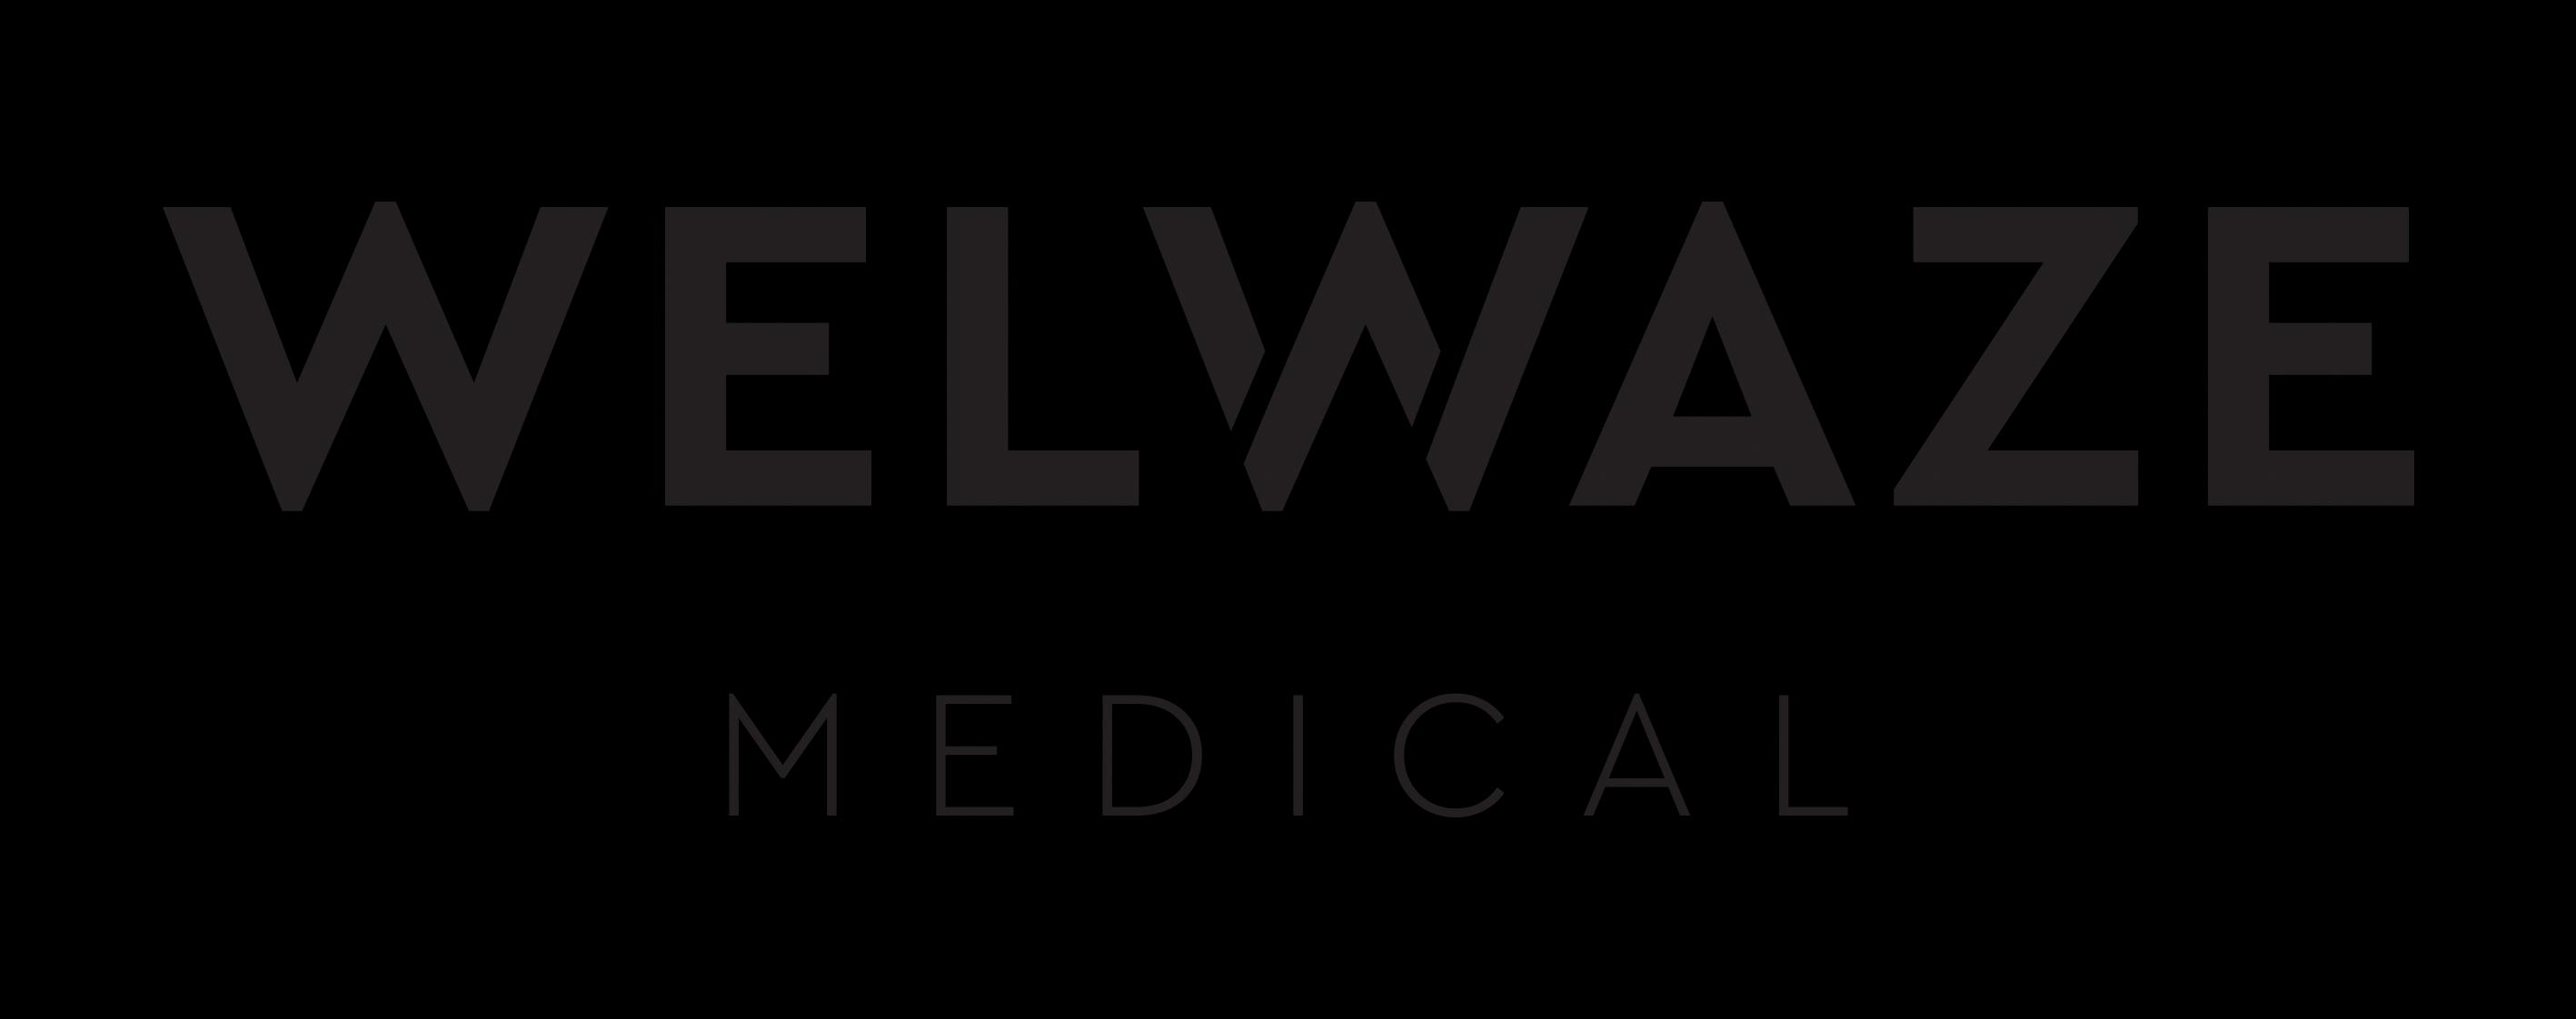 Welwaze Medical_logo
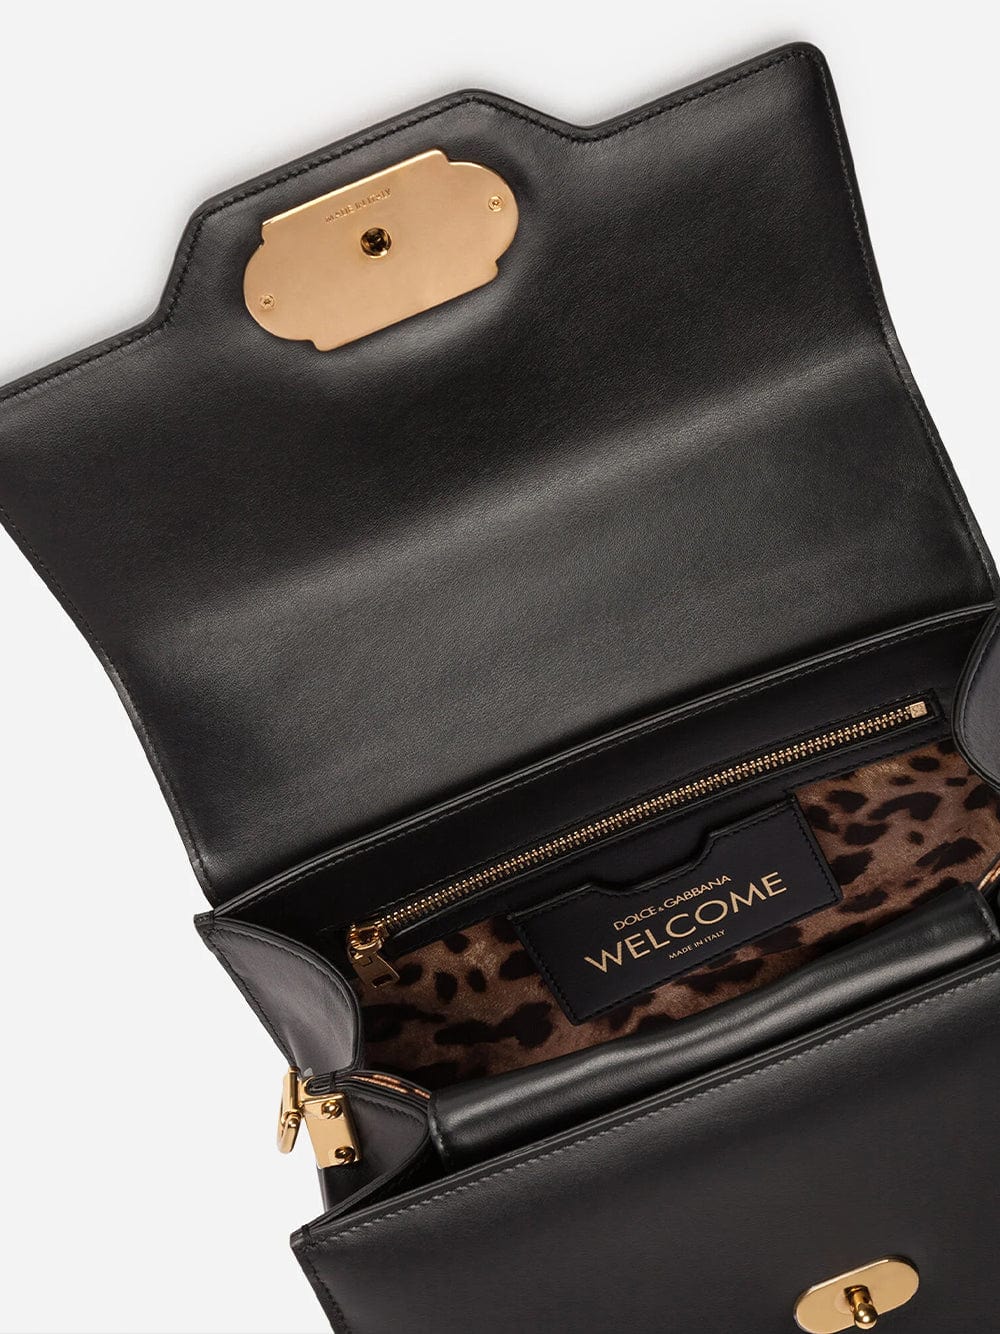 Dolce & Gabbana Welcome Handbag
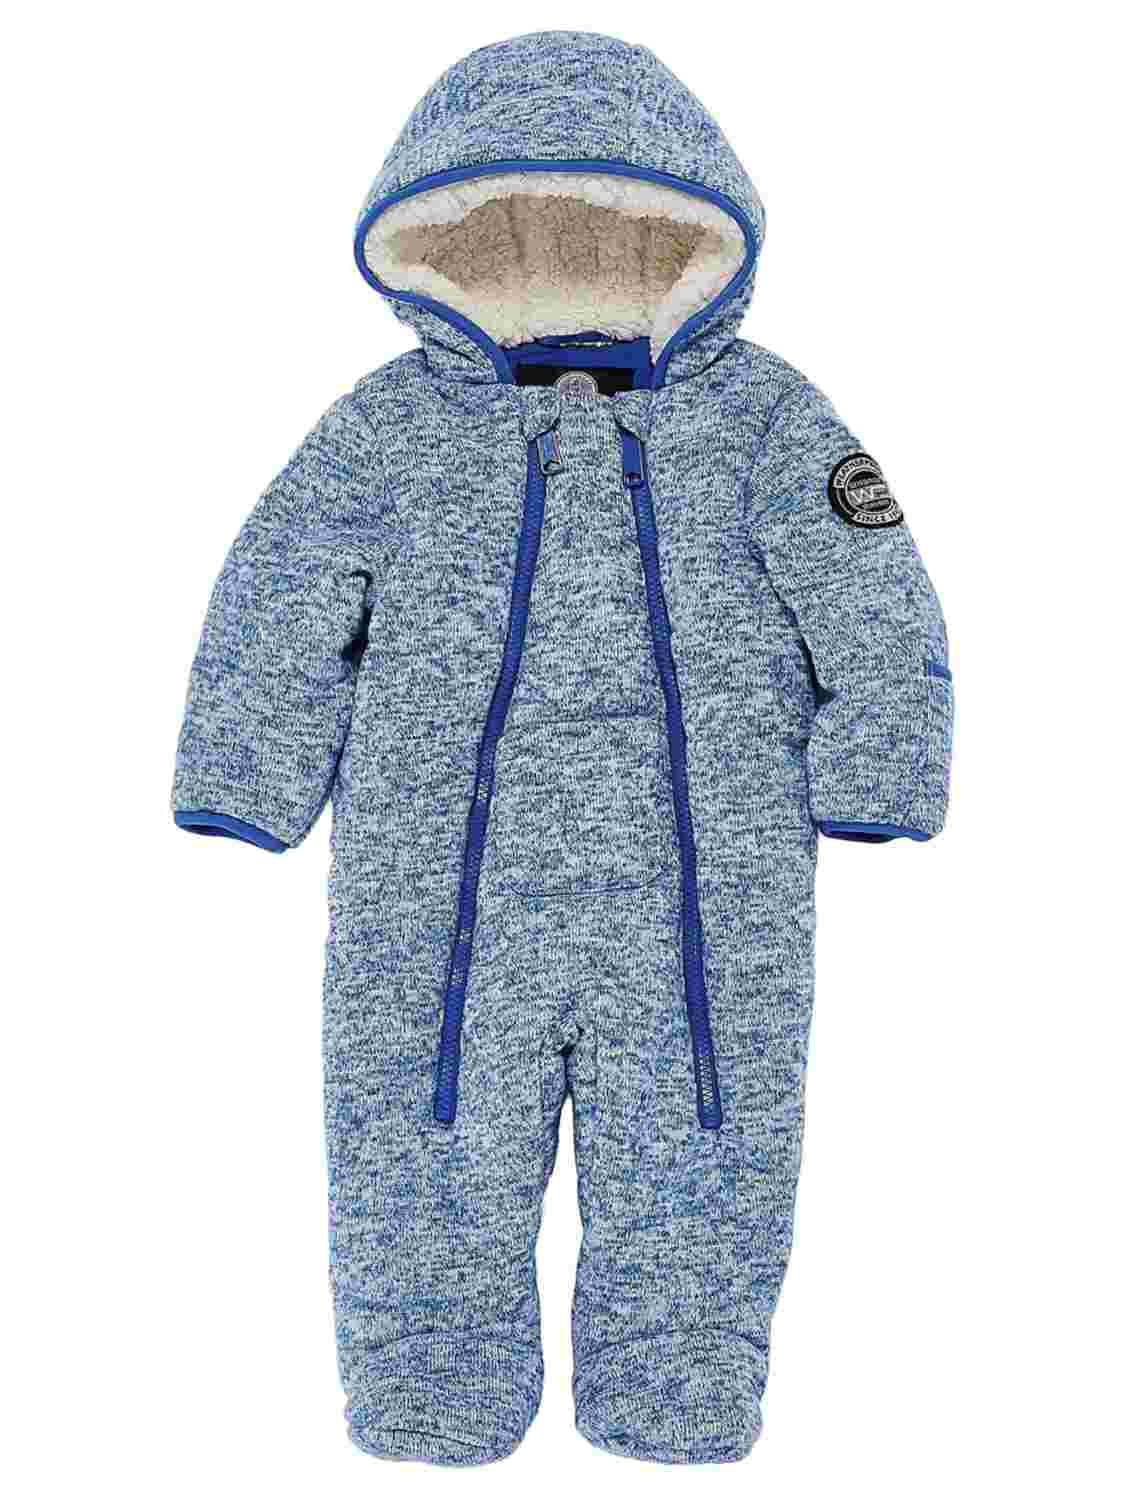 weatherproof infant snowsuit

**Activity**
Set the pictures aside and transcribe the data above exactly.

**Finished task**
 Welwaze Medical_logo
 Dolce & Gabbana Welcome Handbag
 weatherproof infant snowsuit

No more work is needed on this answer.